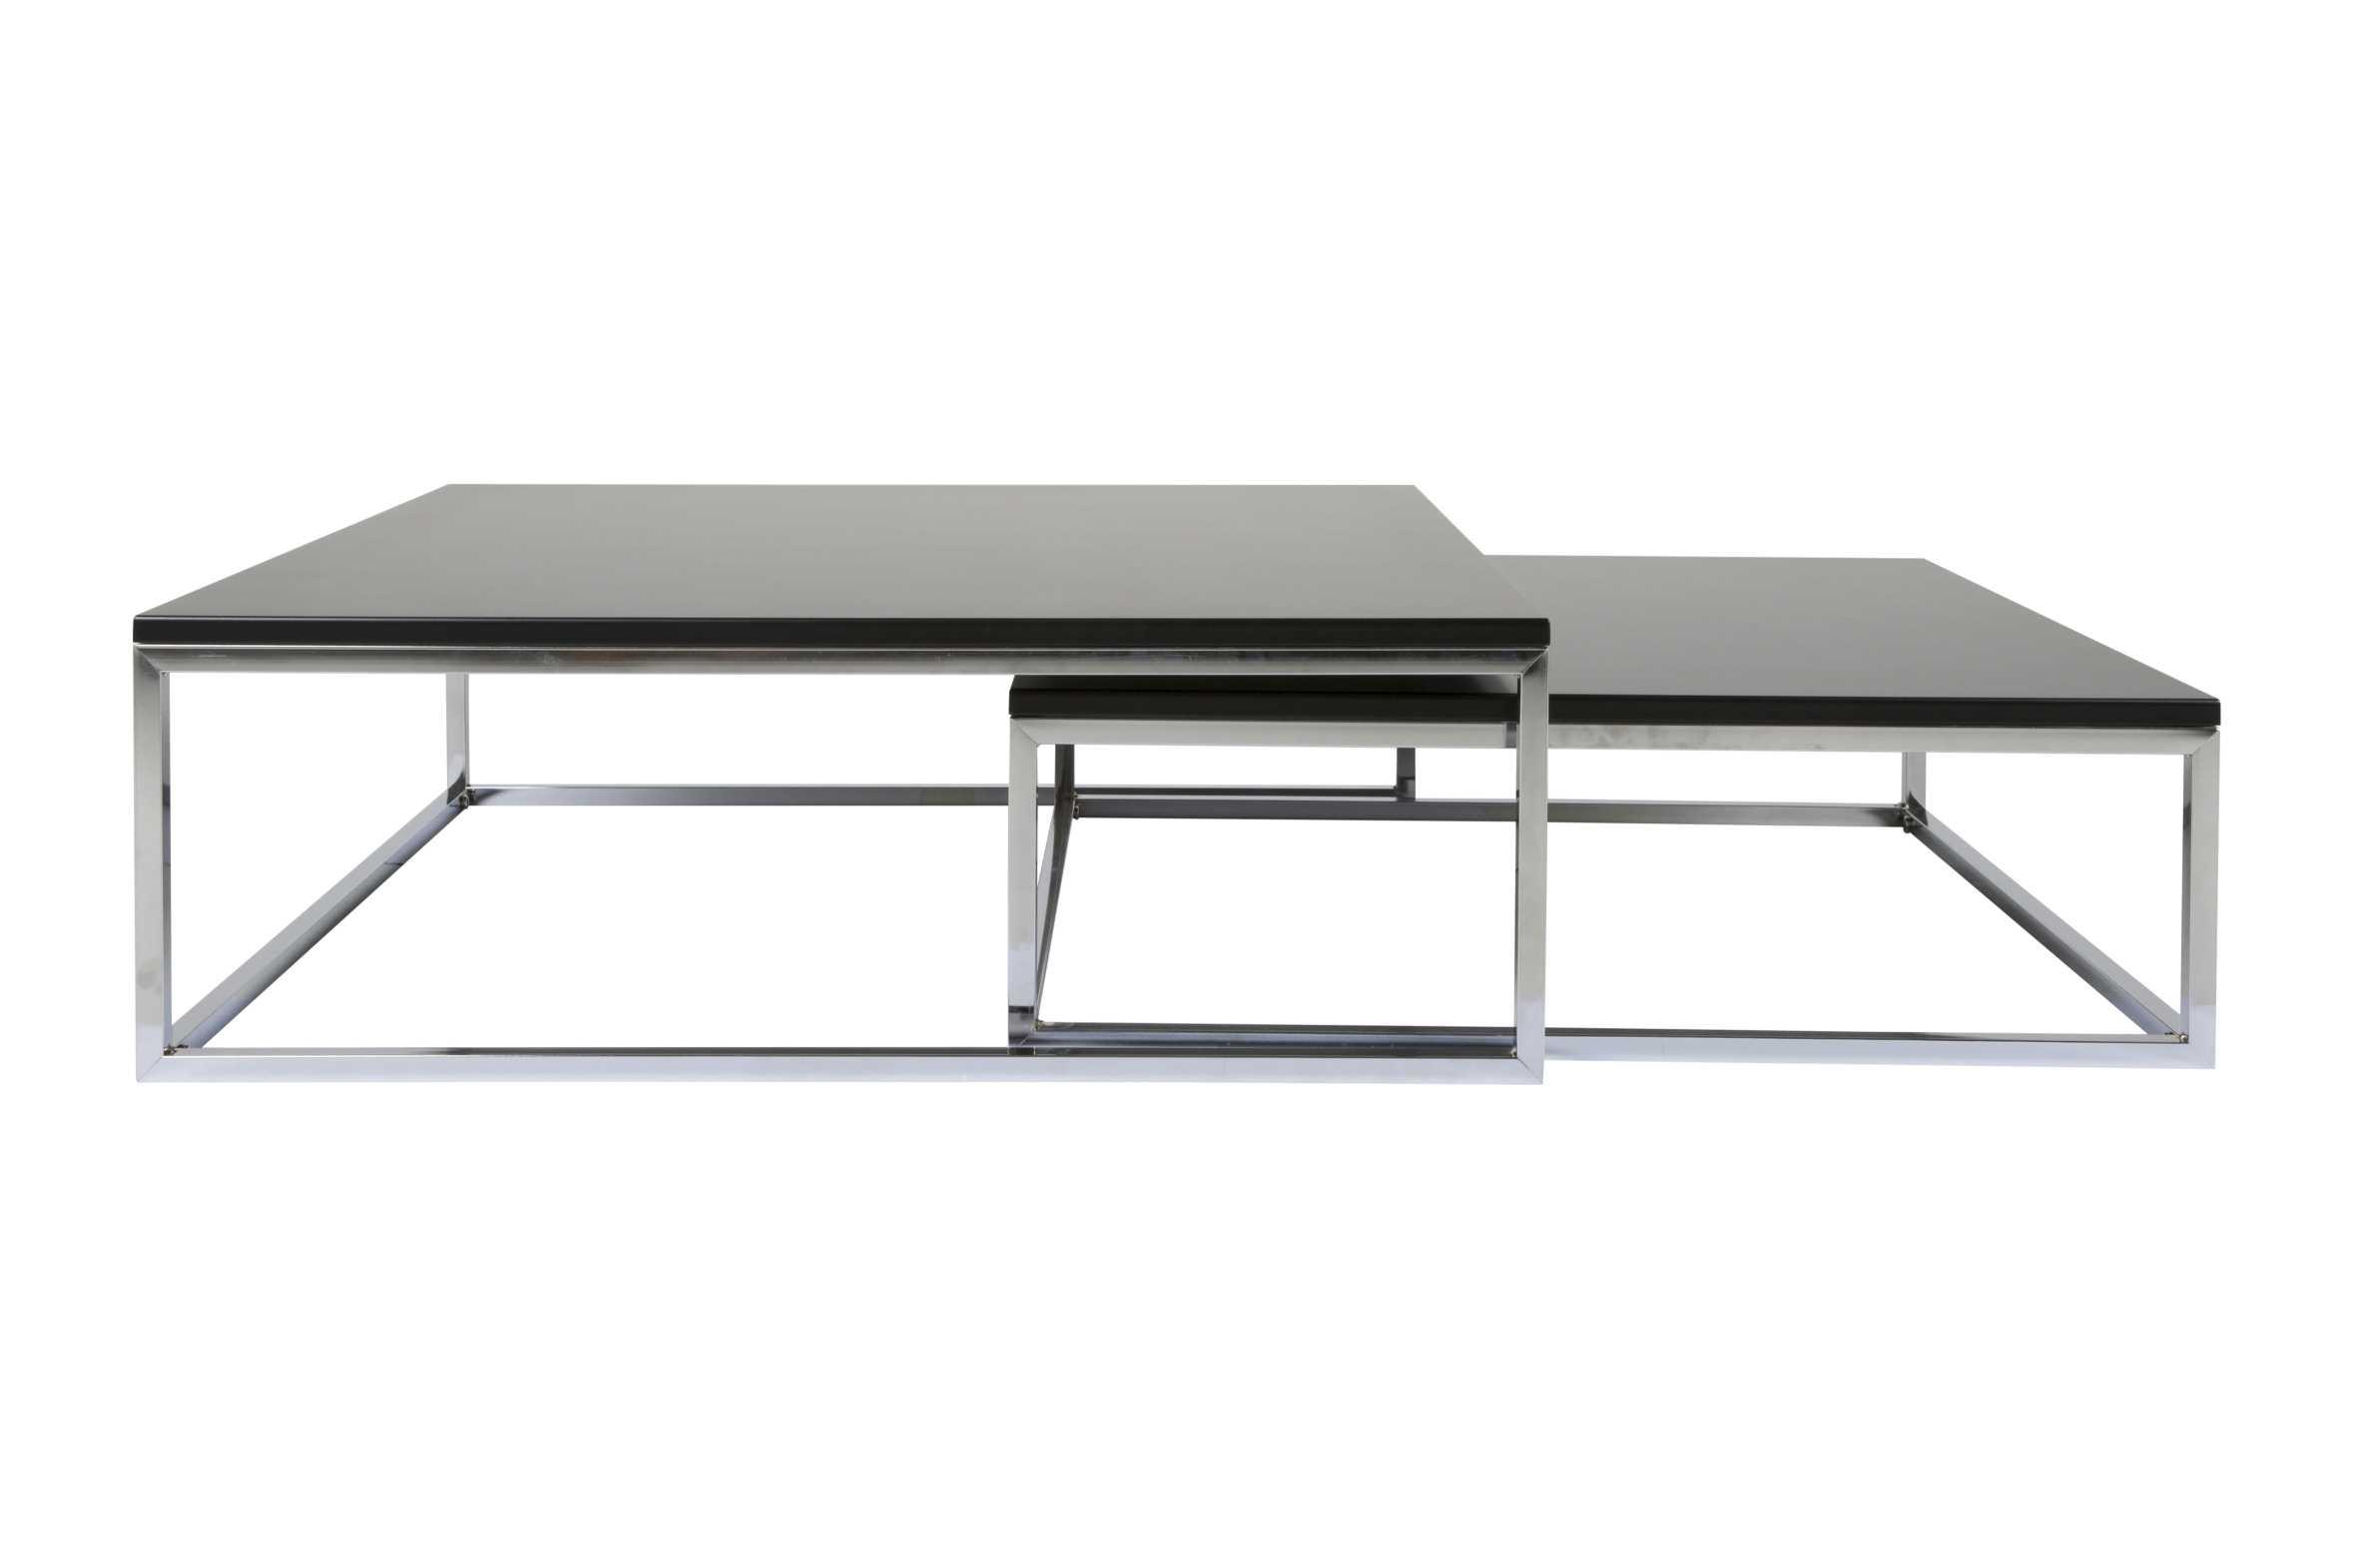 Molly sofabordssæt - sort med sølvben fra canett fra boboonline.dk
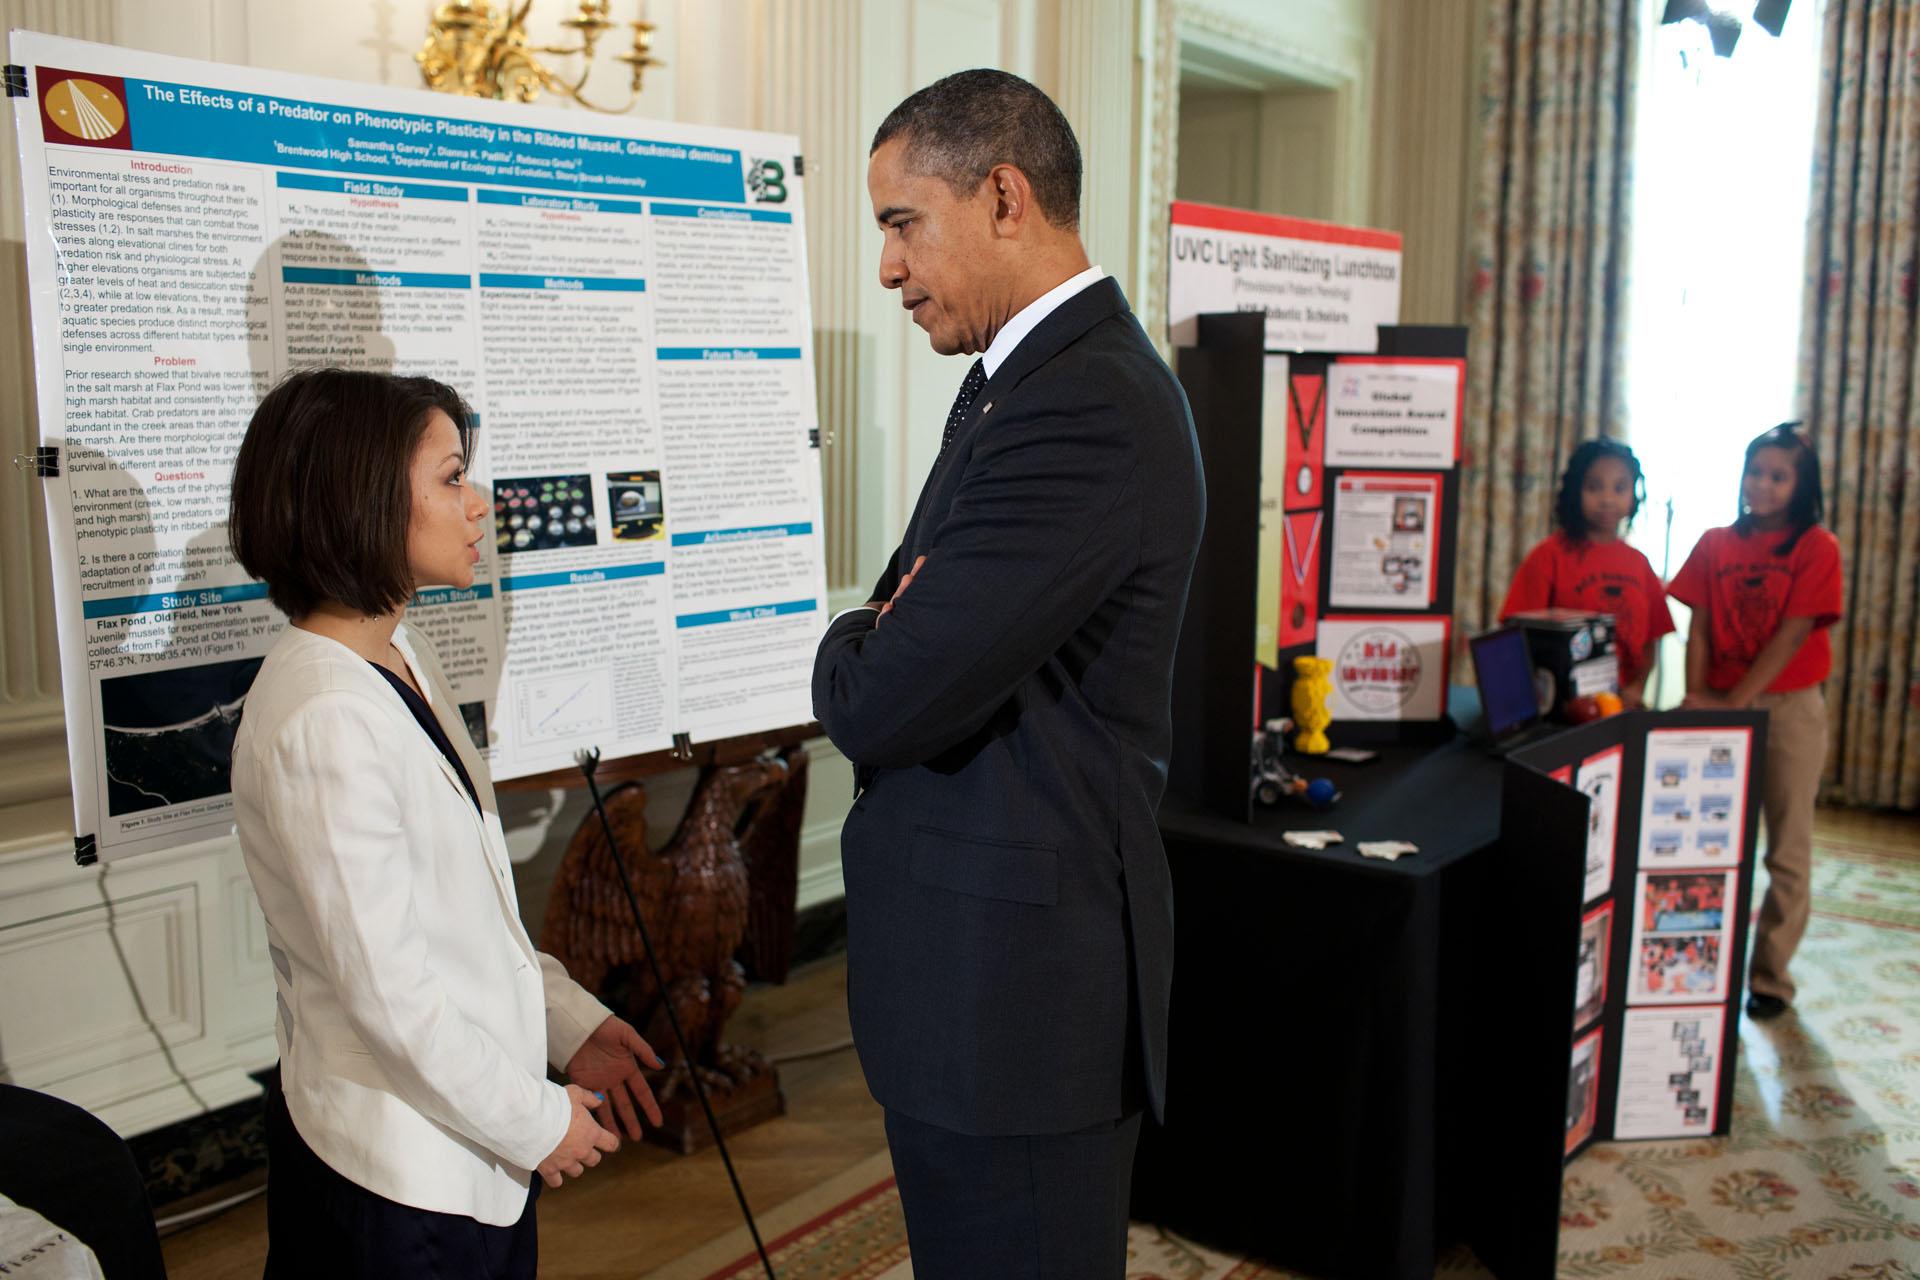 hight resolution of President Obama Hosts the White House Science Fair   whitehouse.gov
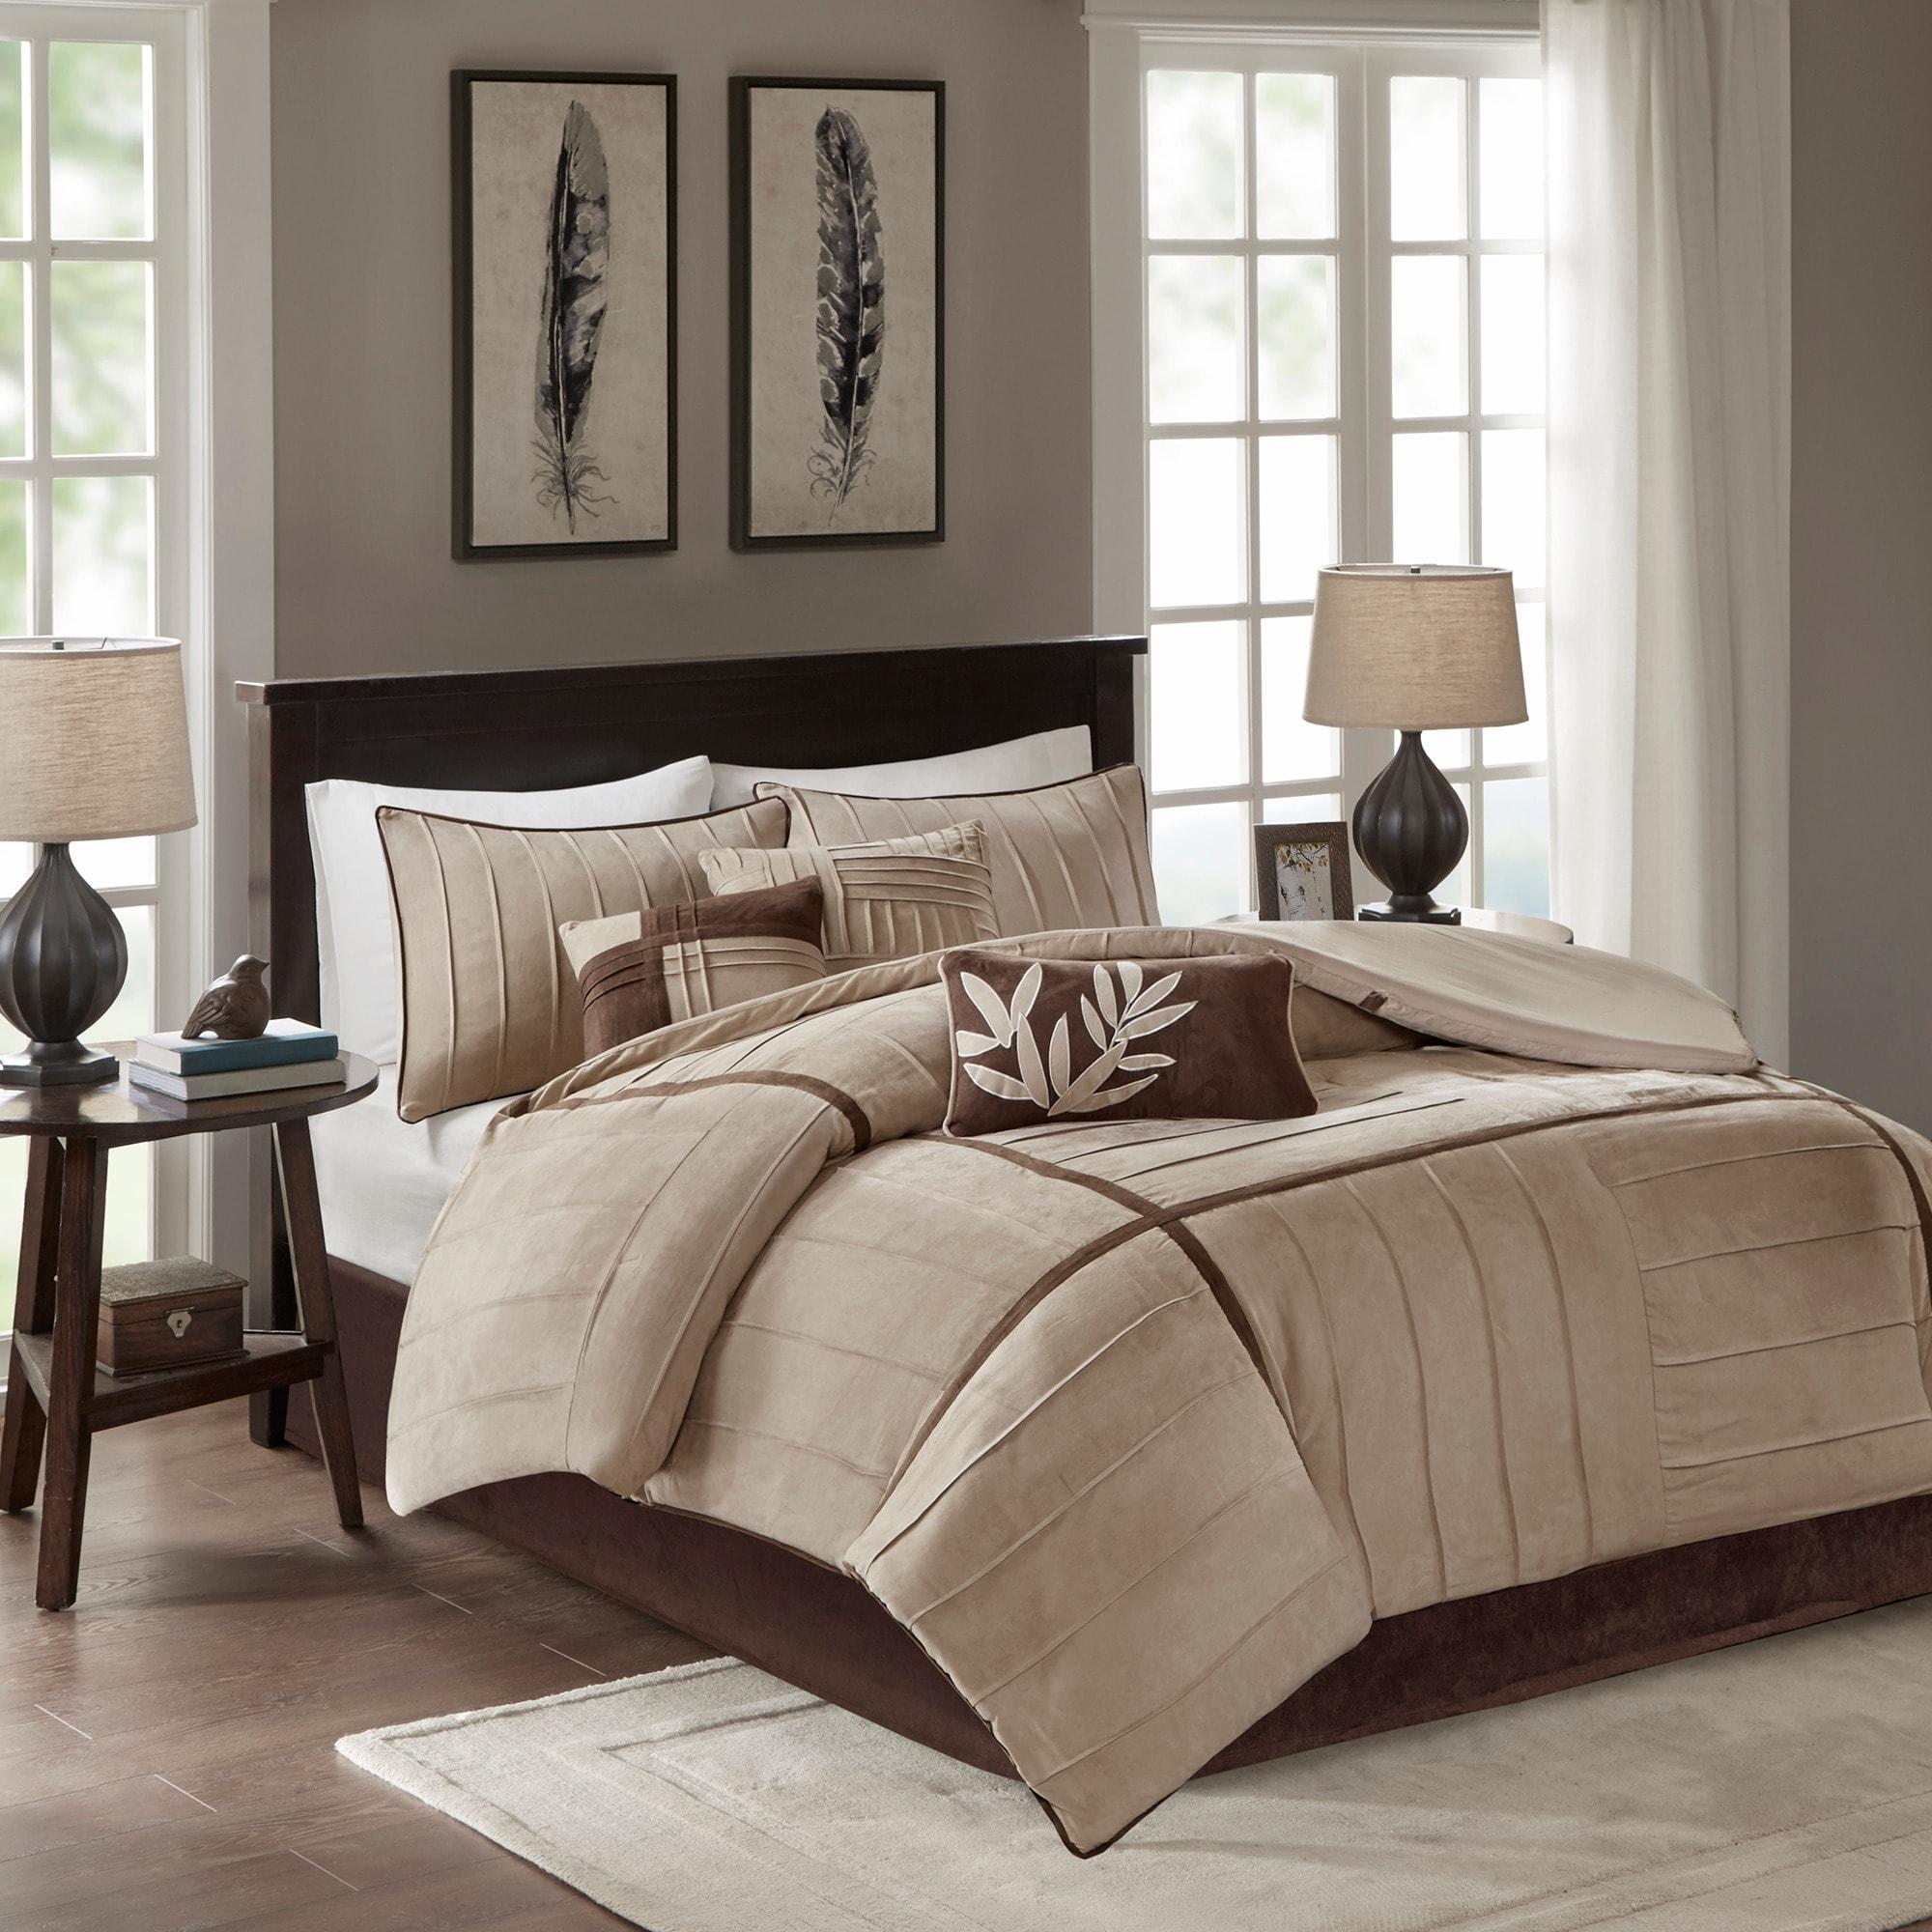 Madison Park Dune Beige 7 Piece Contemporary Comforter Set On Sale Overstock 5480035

*ACTION ITEM*
With the pictures removed, copy the data above word for word.

*EXPECTED OUTPUT*
 Molly sofabordssæt - sort med sølvben fra canett fra boboonline.dk
 hight resolution of President Obama Hosts the White House Science Fair   whitehouse.gov
 Madison Park Dune Beige 7 Piece Contemporary Comforter Set On Sale Overstock 5480035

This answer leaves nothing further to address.